Andrew Dakos (born 1966); Park 80 West, Plaza Two, 250 Pehle Ave., Suite 708,
Saddle Brook, NJ 07663 -- Mr. Dakos is a member of Bulldog Investors, LLC,
the investment adviser of Special Opportunities Fund, Inc. and the investment
partnerships comprising the Bulldog Investors group of private funds. He also
is a manager of Kimball & Winthrop, LLC, the managing general partner of
Bulldog Investors General Partnership, since 2012.  From 2001-2012, Mr. Dakos
was a member of the general partners of several private funds in the Bulldog
Investors group of private funds and in 2012 became a member of Bulldog
Holdings, LLC which became the sole owner of such general partners. Mr. Dakos
has been a director of Special Opportunities Fund, Inc., a closed-end fund,
since 2009, and the Mexico Equity and Income Fund, Inc., a closed-end fund,
since 2001. He has also been a director of Imperial Holdings, Inc., a
specialty finance company, since 2012, and Brantley Capital Corporation,
a business development company, intermittently from 2005-2013. From
2009-2012 he served as Chief Compliance Officer of Bulldog Investors, LLC.

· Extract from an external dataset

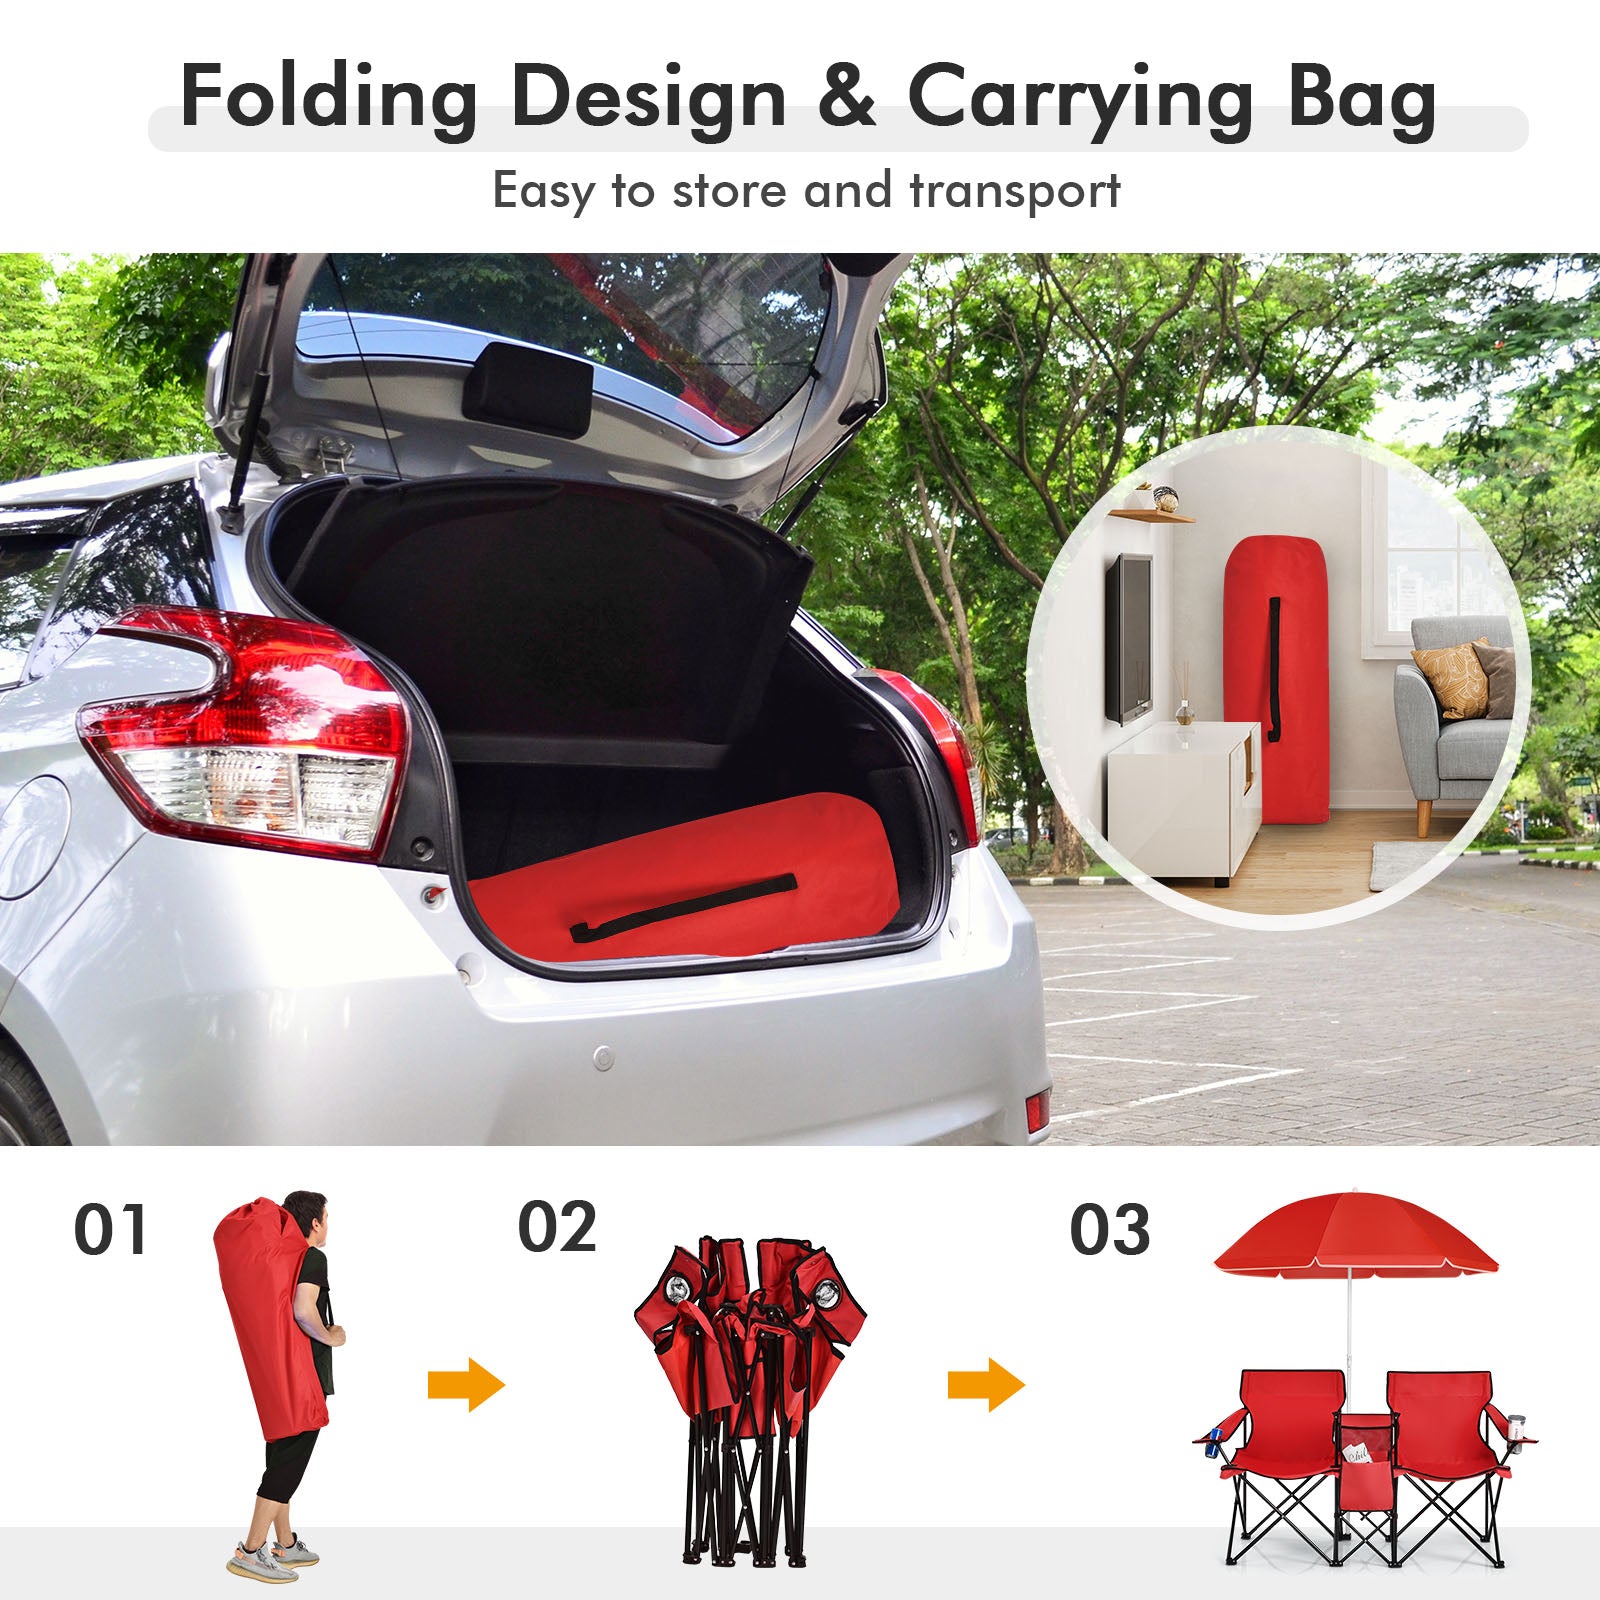 Foldable and Portable Camping Chairs: Both the chairs and umbrella can be effortlessly folded into compact sizes for easy storage and transportation. The included bag allows you to conveniently carry and store the folding picnic chairs and umbrellas, making them ideal for outdoor activities.
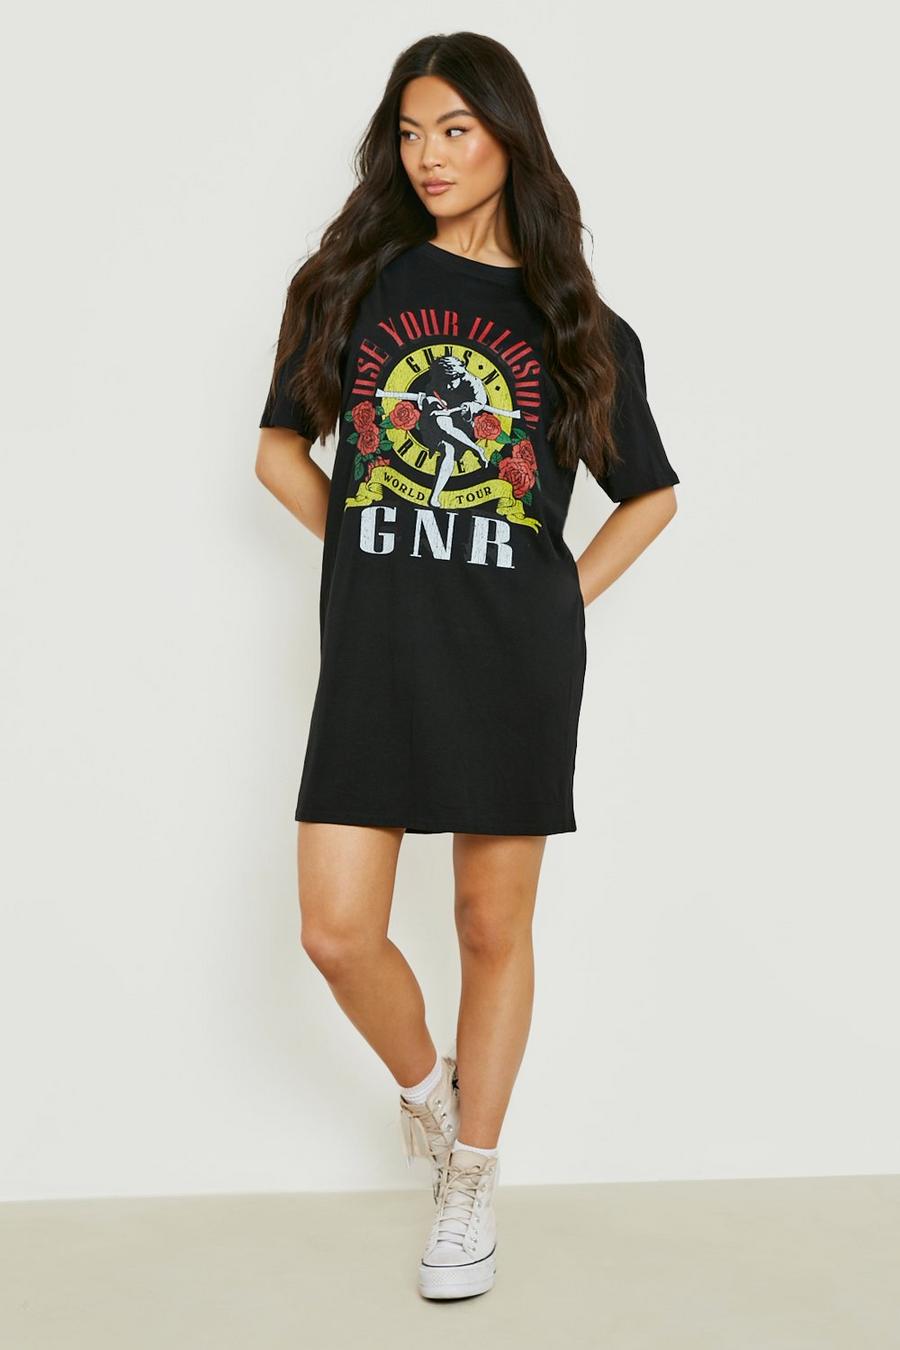 Vestito T-shirt ufficiale con stampa Guns N Roses, Black negro image number 1

Richard Cohen (born 1954); Lowey Dannenberg Cohen & Hart, P.C., One North
Broadway, 5th Floor, White Plains, New York 10601-2310 - Since 1998,
Mr. Cohen has been employed as a lawyer by Lowey Dannenberg Cohen & Hart,
P.C., a law firm that represents investors and directors in public
companies, including closed-end funds. He has been a Director of Lowey
Dannenberg since 2005, served as its President from 2008-2014 and became
the Chairman in 2015. He served as a Director, and was on the audit,
compensation and nominating committee of, MGT Capital Corporation from
2011-2012. Mr. Cohen has represented institutional investors in a number
of stockholder voting rights and corporate governance cases, and has
advised boards of directors of public companies for more than 30 years.

Unless instructions to the contrary are given, your proxy will be voted in
favor of each of the aforementioned nominees.

PROPOSAL 2: THE SHAREHOLDERS REQUEST THAT THE BOARD OF DIRECTORS CONSIDER
ADOPTING A PLAN TO MAXIMIZE SHAREHOLDER VALUE WITHIN A REASONABLE PERIOD
OF TIME.

Adoption of this non-binding proposal will direct the Board to consider
adopting a plan to maximize shareholder value within a reasonable period
of time. However, the board has the sole power to determine whether to adopt
such a plan and to determine its attributes.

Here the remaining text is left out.